Exercise objective:
Please take the records that follow and repeat exactly the lines starting with the line with "Torre de transmissão" and going on through the line with "Black Colour - Bcamy".

Given entries:
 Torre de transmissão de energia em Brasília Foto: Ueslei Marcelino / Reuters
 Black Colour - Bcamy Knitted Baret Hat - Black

---

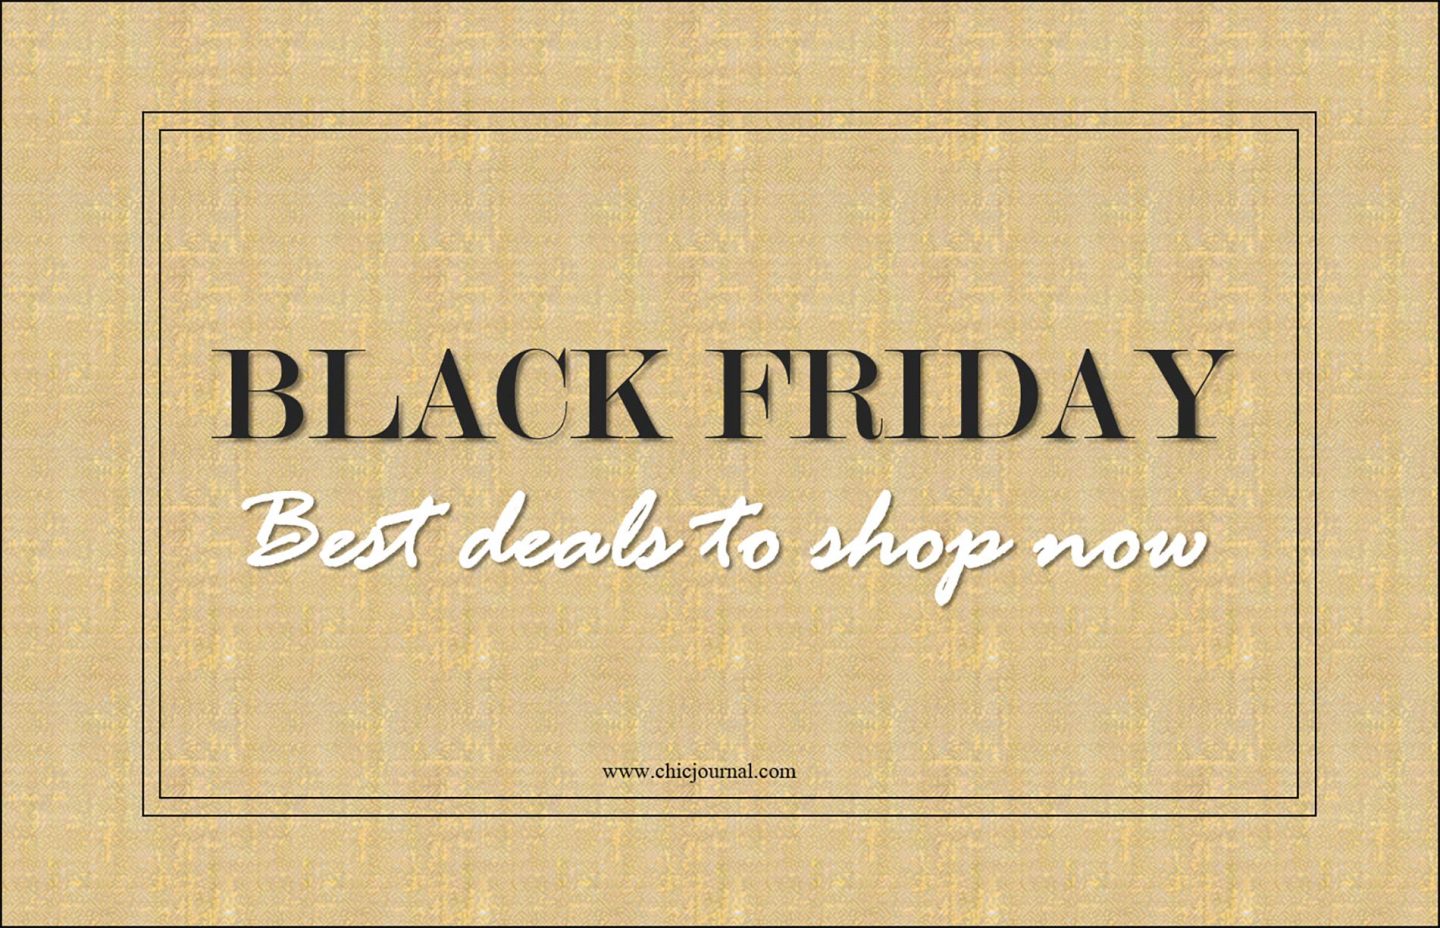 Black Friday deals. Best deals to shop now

Answer section:
 Torre de transmissão de energia em Brasília Foto: Ueslei Marcelino / Reuters
 Black Colour - Bcamy Knitted Baret Hat - Black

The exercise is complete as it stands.